Segment Open
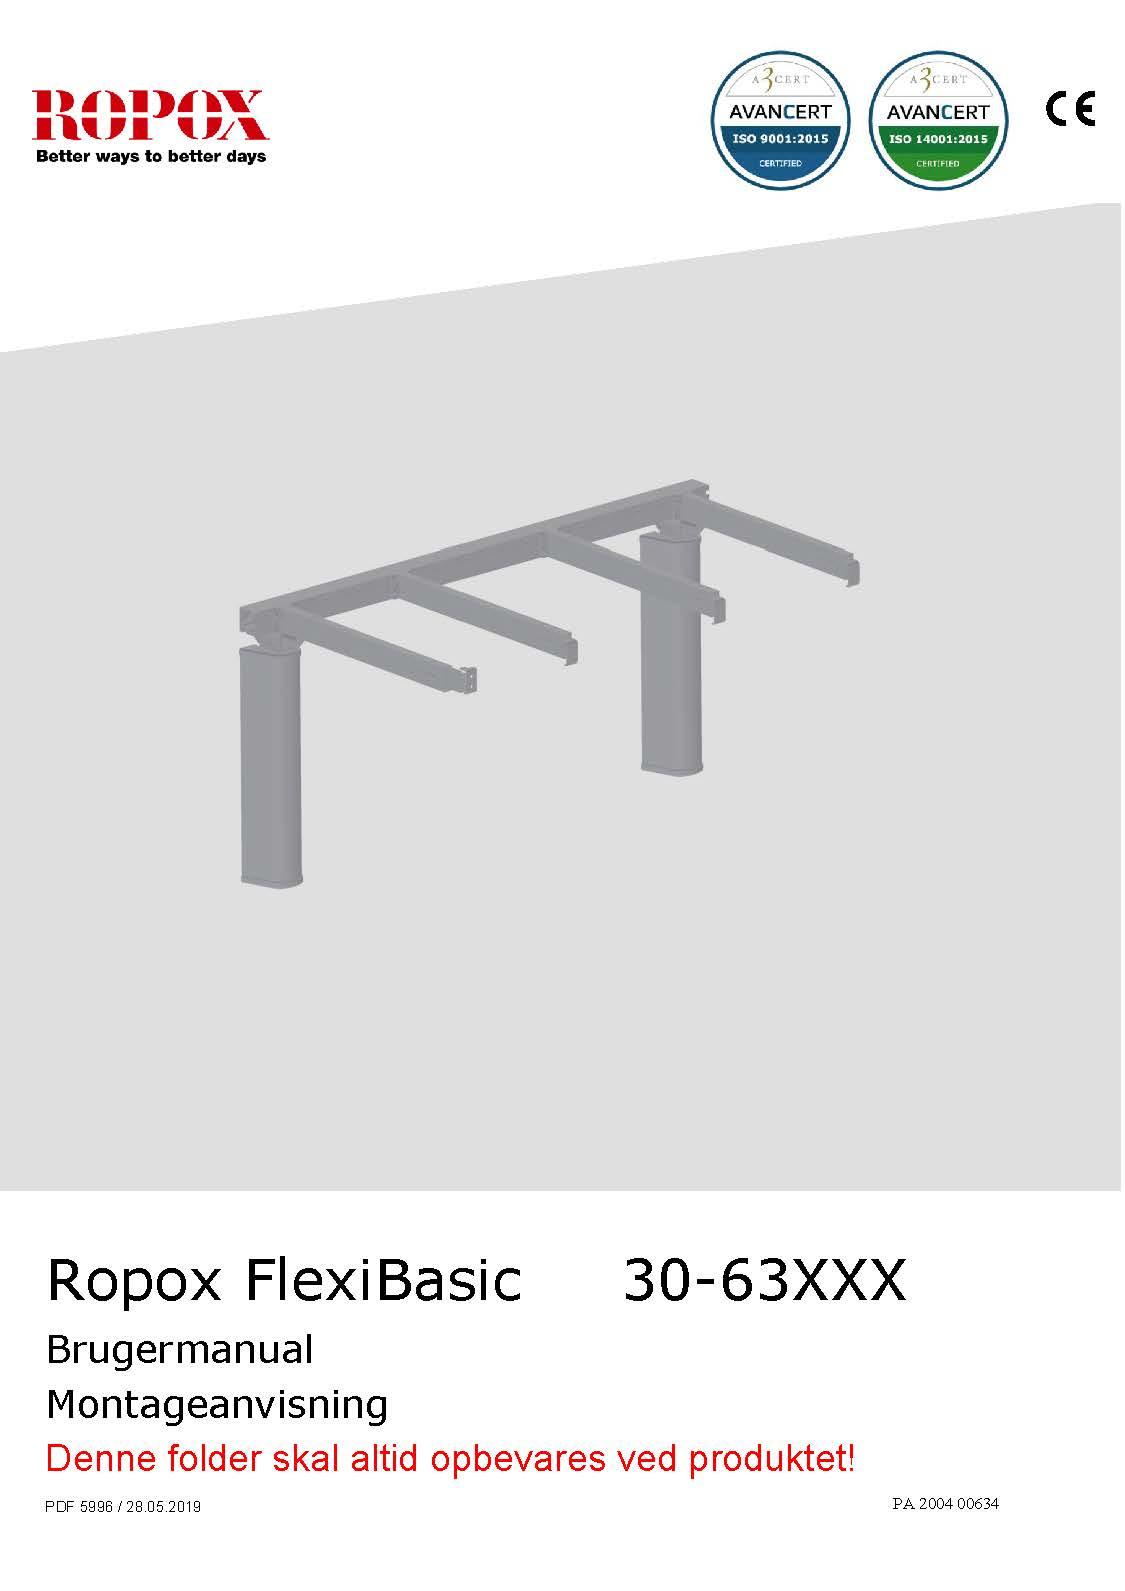 Ropox bruger- og montagevejledning - FlexiBasic
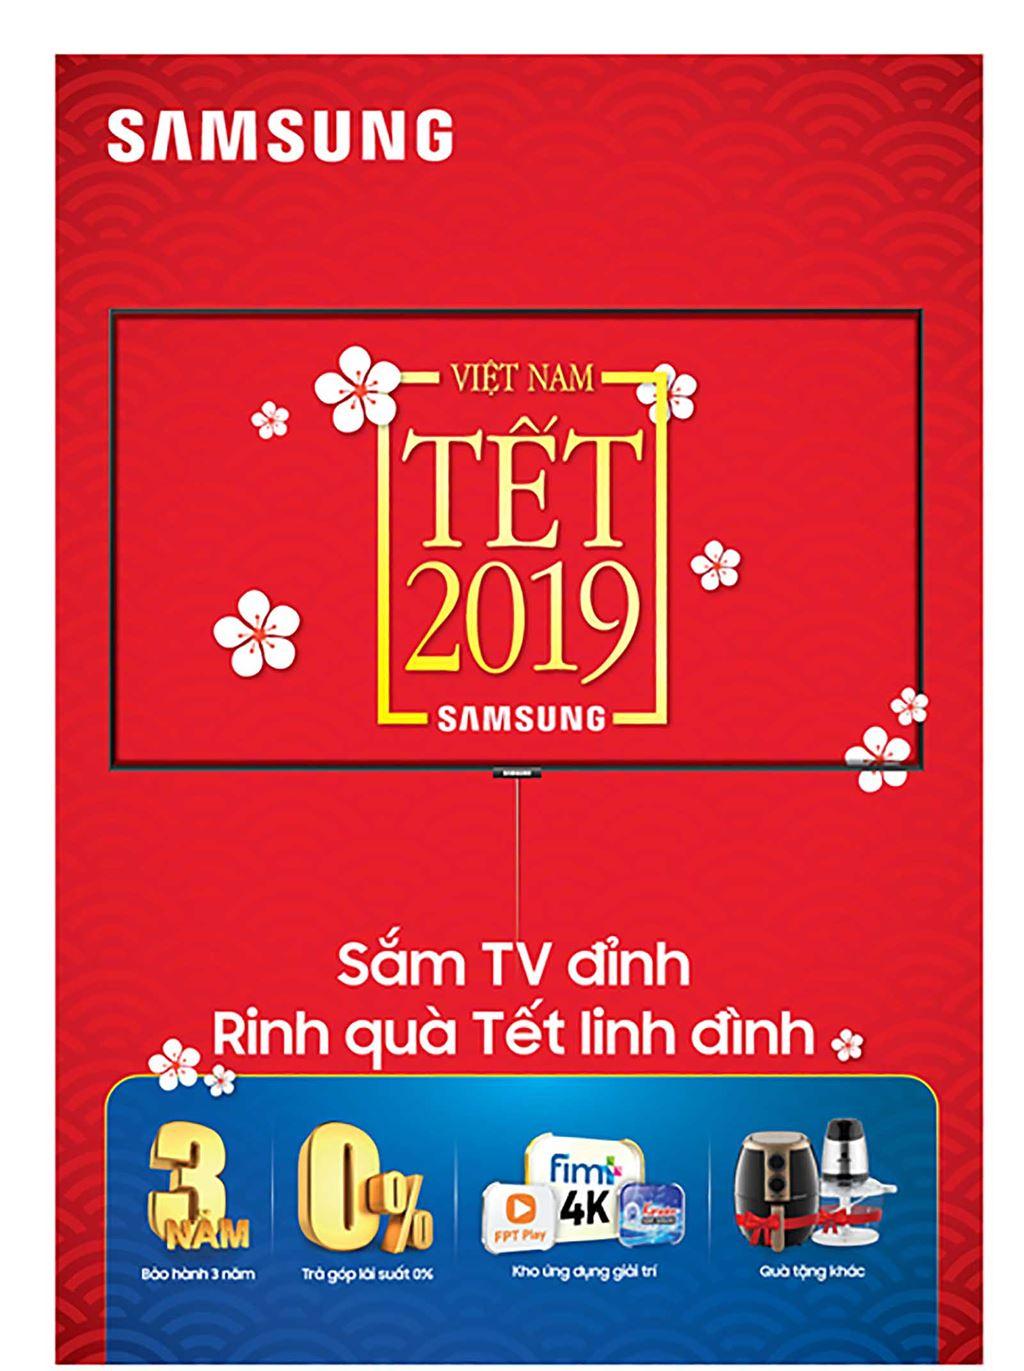 """Chương trình ưu đãi đặc biệt """"Thấy Tết lớn, mừng Tết lớn"""" khi mua các sản phẩm SmartTV của Samsung ảnh 1"""
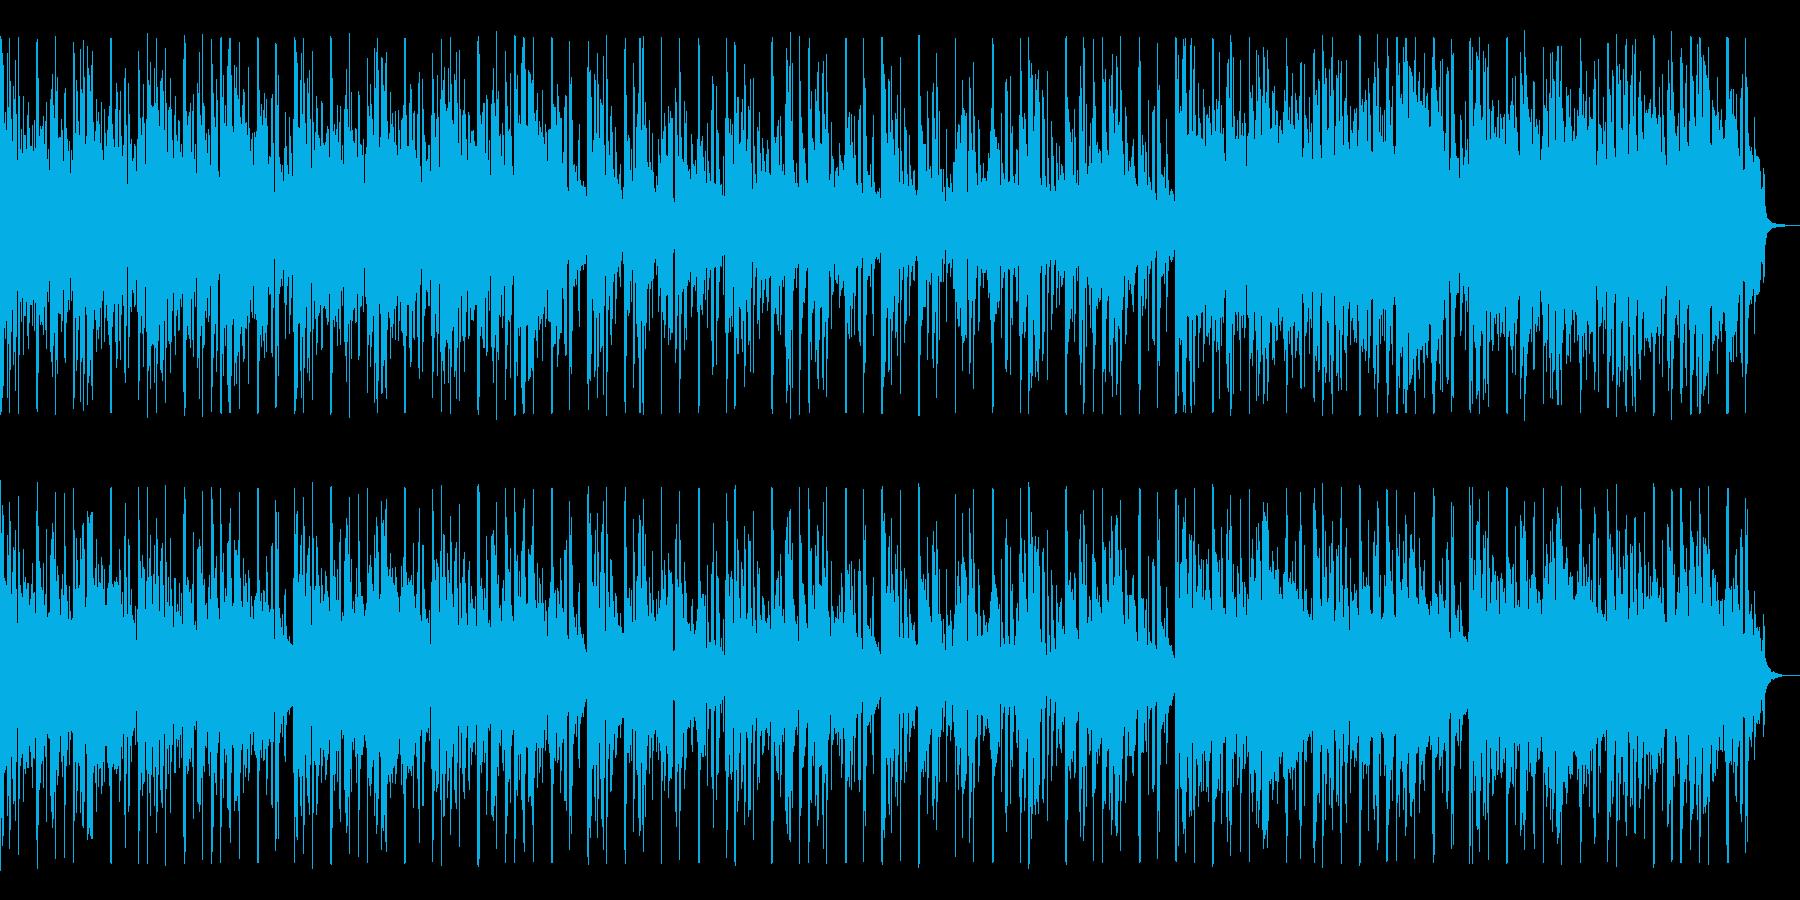 ノスタルジックなギター・インストの再生済みの波形
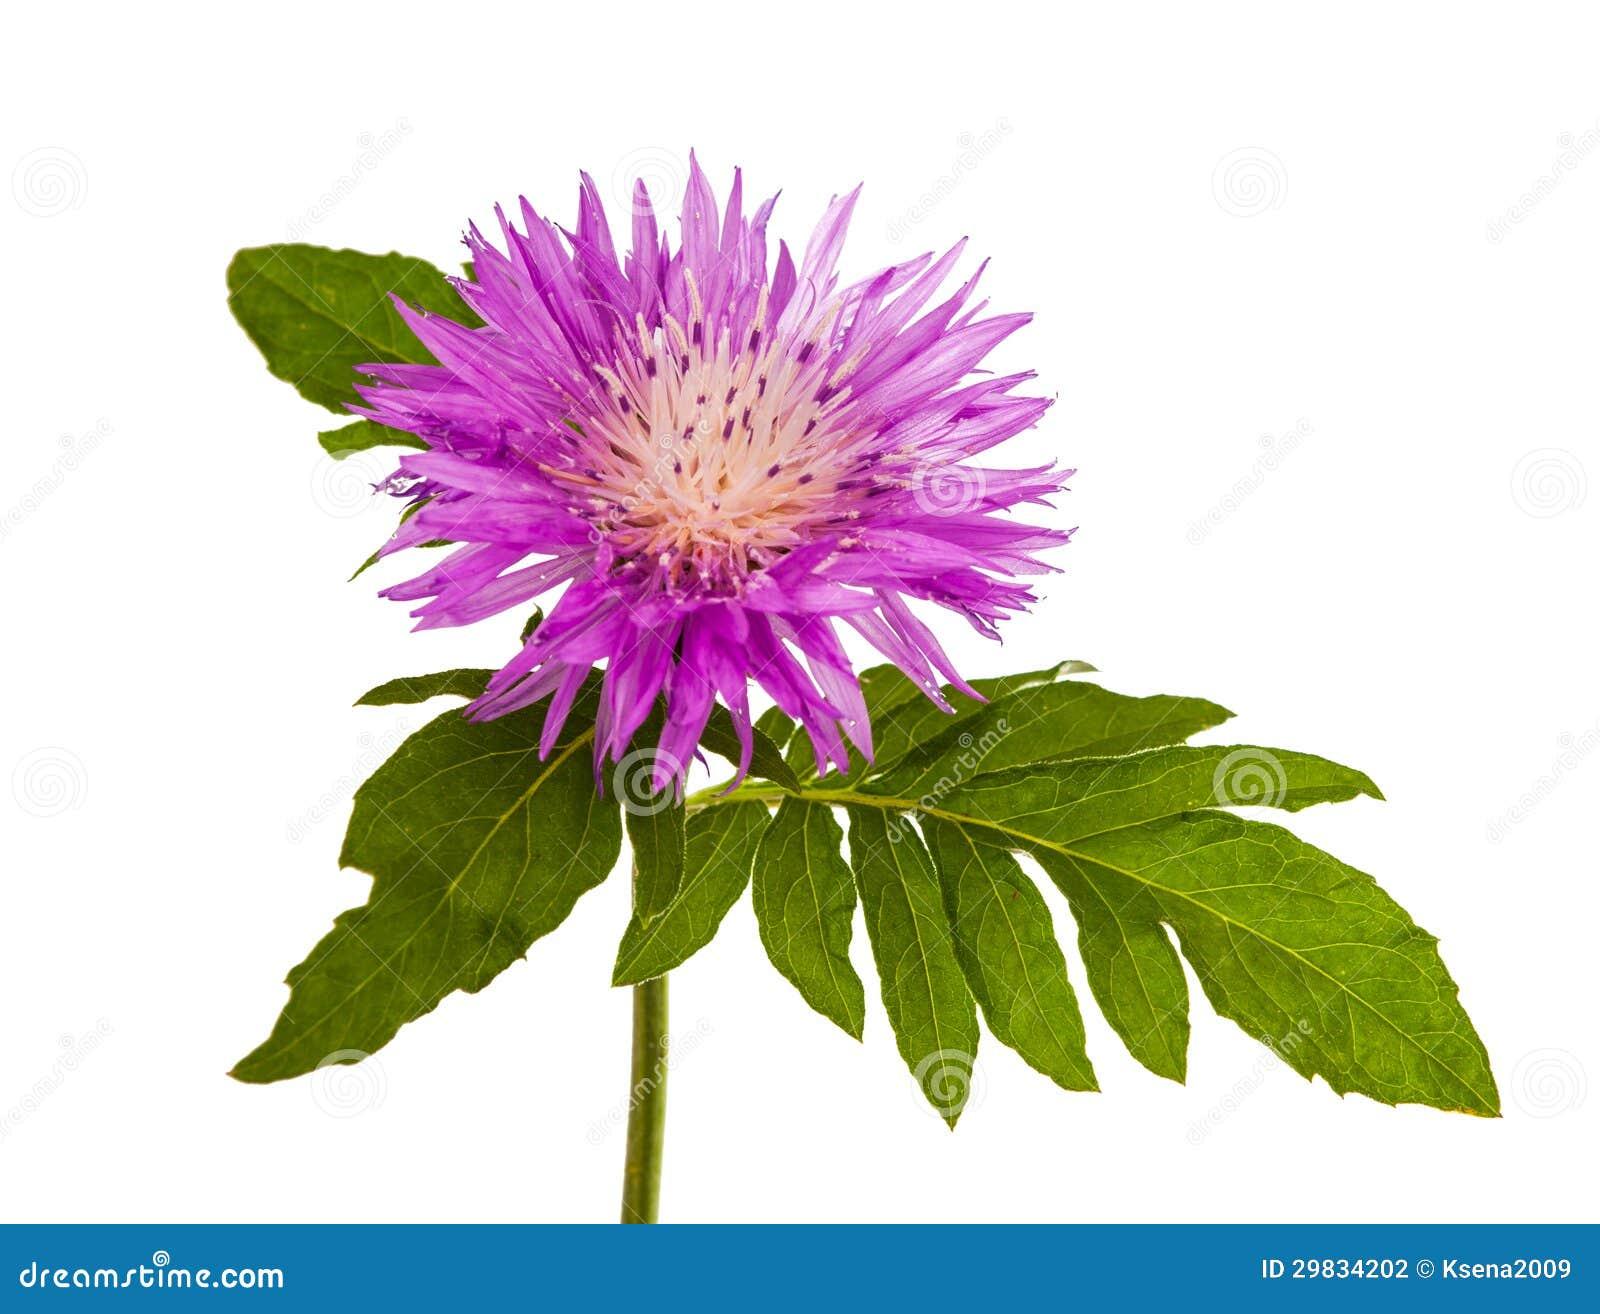 Flor do Lilac isolada
Segment Closed
### Activity
A faithful copy of all the data above is required, printed exactly and with no pictures.

### Written response
 Ropox bruger- og montagevejledning - FlexiBasic
 """Chương trình ưu đãi đặc biệt """"Thấy Tết lớn, mừng Tết lớn"""" khi mua các sản phẩm SmartTV của Samsung ảnh 1"""
 ノスタルジックなギター・インストの再生済みの波形
 Flor do Lilac isolada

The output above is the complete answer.